# Profit and Loss Statement



## Become_The_Best (May 13, 2018)

Can a profit and loss statement be acquired through a

1) Income Tax Return or
2) BAS?

Thanks


----------



## Who is John Galt? (Sep 28, 2016)

Become_The_Best said:


> Can a profit and loss statement be acquired through a
> 
> 1) Income Tax Return or
> 2) BAS?
> Thanks


The question is a little obtuse. What exactly do you mean, or perhaps a better question is what do you want it for? Is this in regard to your own (business) activities or are you looking for a P&L for say, a company in which you are considering investing in?

.


----------



## prk (Jul 9, 2015)

a profit and loss statement is prepared before a tax return. 
it basically consists of all revenue, minus all expenses. 
expenses over $20k need to be depreciated, but those under $20k can be deducted fully.(this can vary year to year). what you are left with is your profit (or loss).


----------



## Become_The_Best (May 13, 2018)

Who is John Galt? said:


> what do you want it for





prk said:


> a profit and loss statement is prepared before a tax return.


I need it to submit to the centrelink. They need me to complete the profit and loss statement.


----------



## Who is John Galt? (Sep 28, 2016)

Become_The_Best said:


> I need it to submit to the centrelink. They need me to complete the profit and loss statement.


CentreLink? Is that still a thing? Okay...ummm that is a little outside my area of expertise. However, If I was you, I would get try and get an interview or appointment with one of the muppets at CentreLink and explain that you are lacking in expertise in the P&L area and that you need to be shortlisted to be placed on their next intake for the P&L courses.
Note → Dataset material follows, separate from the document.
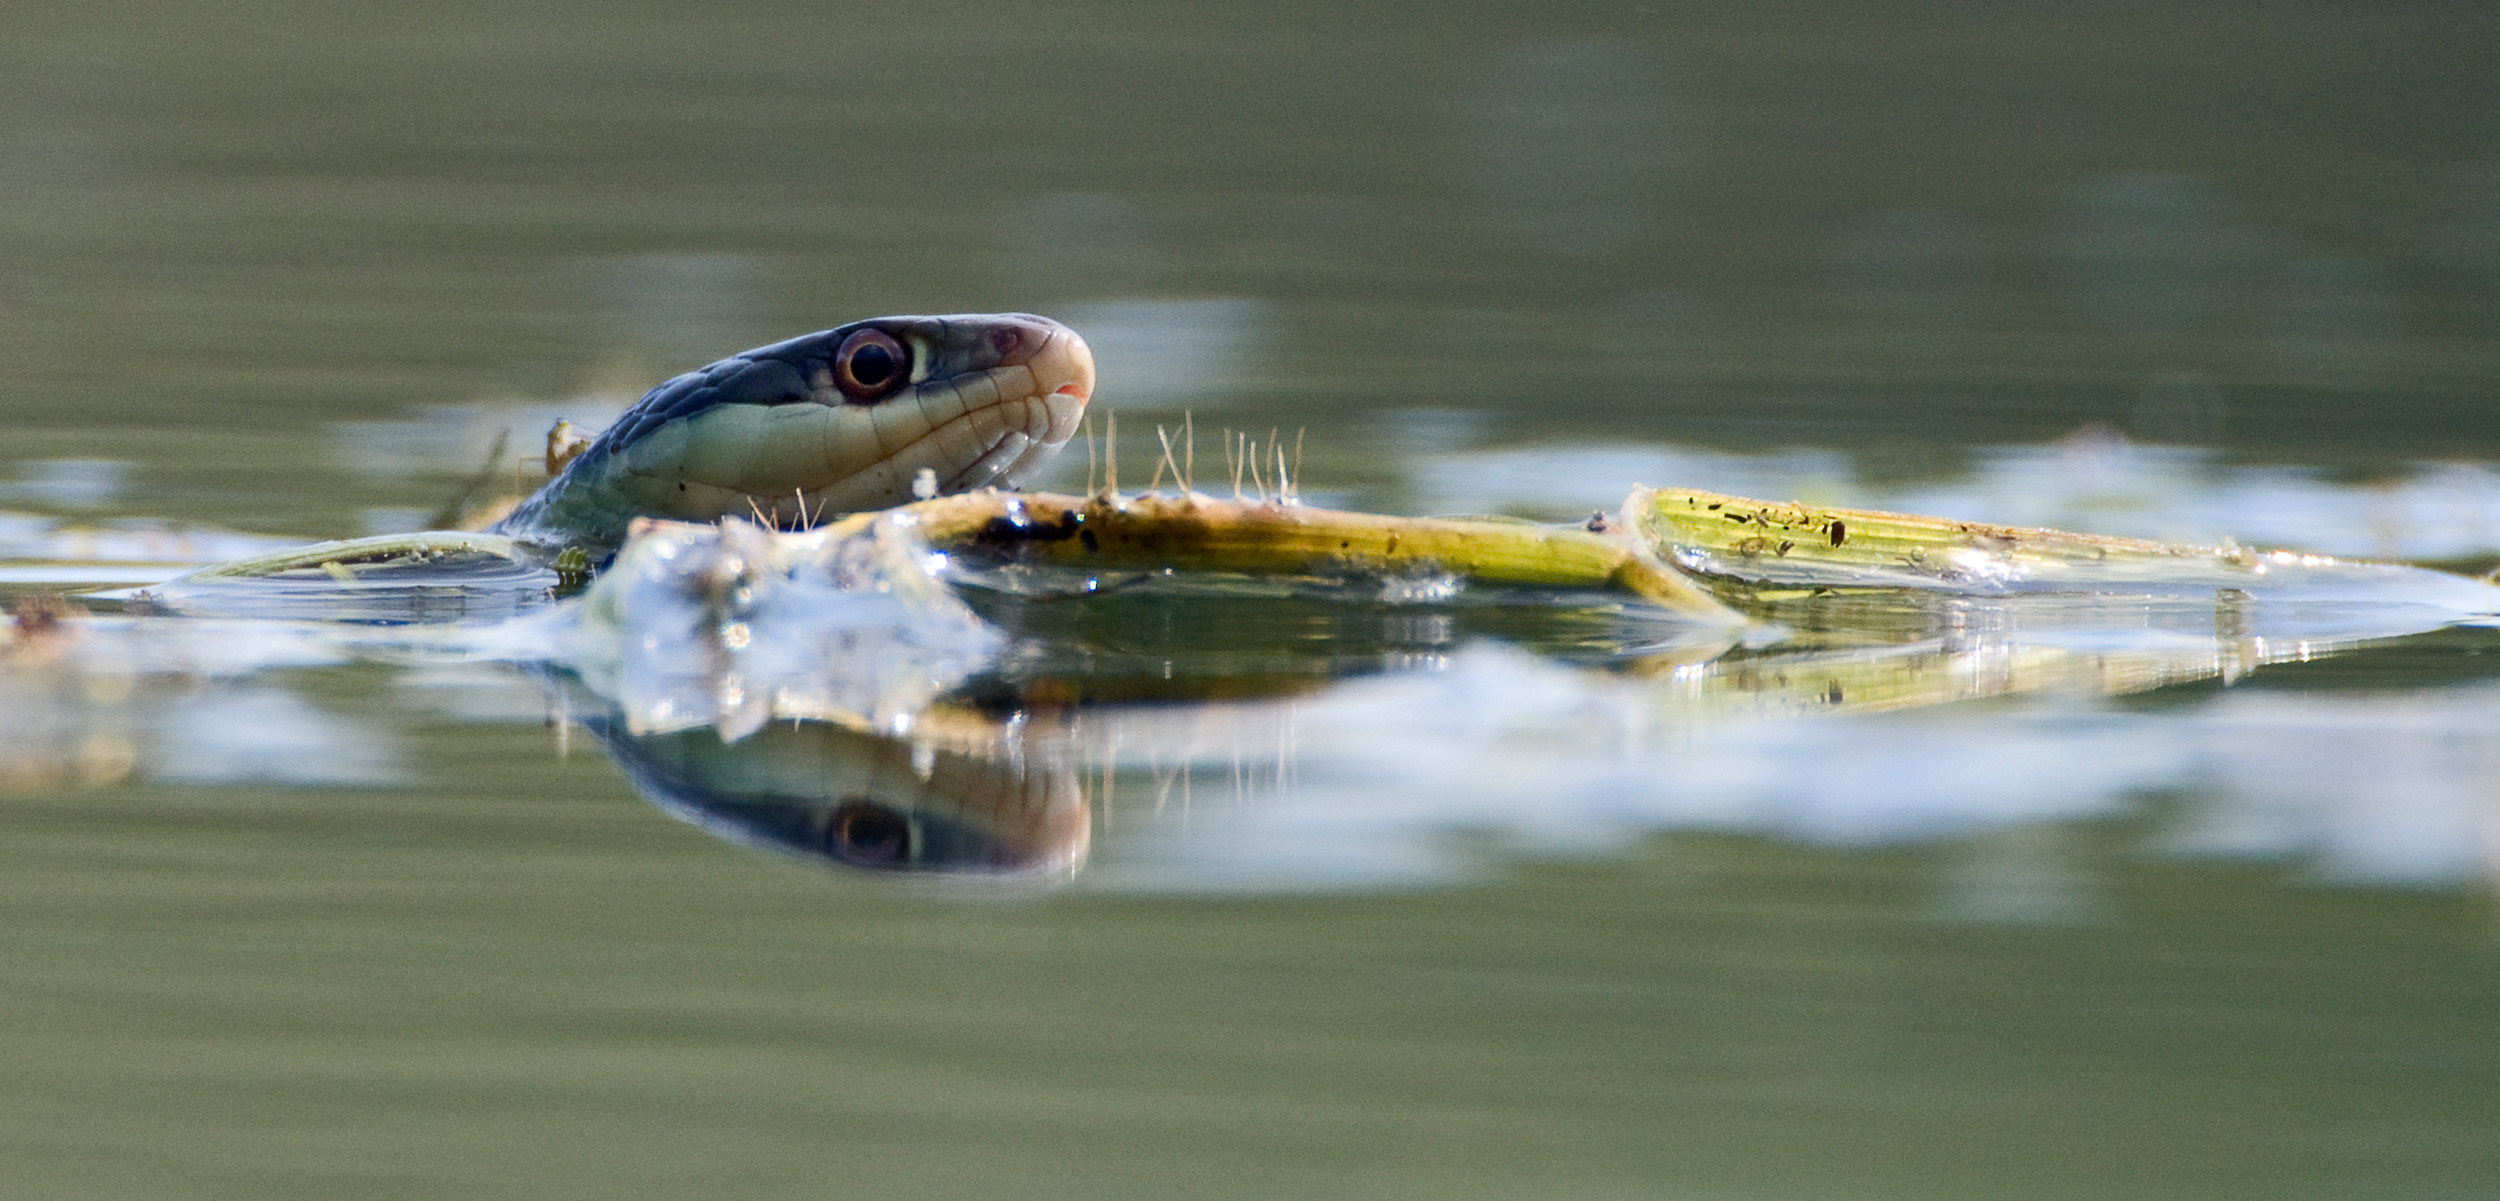 Yes, garter snakes can swim. Photo by Marcel van Kammen/NiS/Minden Pictures

I would suggest that you will be given a government grant and put up in a luxury suite at the Mayfair on KW, and a personal trainer from Ernst & Young or similar will be hired to give you one-on-one tuition in the intricacies of preparing a P&L. If you have a family to support, they will be given their own suite at the hotel so as not to disturb your studies. Obviously all this largesse will be funded by the taxpayer so that the absolute best outcome is achieved, and you receive maximum CentreLink benefits.

.


----------



## prk (Jul 9, 2015)

Become_The_Best said:


> They need me to complete the profit and loss statement.


do you use accounting software (myob etc?)
if so, then just go to the "reports" function. choose profit and loss, and print.


----------



## Become_The_Best (May 13, 2018)

prk said:


> do you use accounting software (myob etc?)
> if so, then just go to the "reports" function. choose profit and loss, and print.


I am using AirTax


----------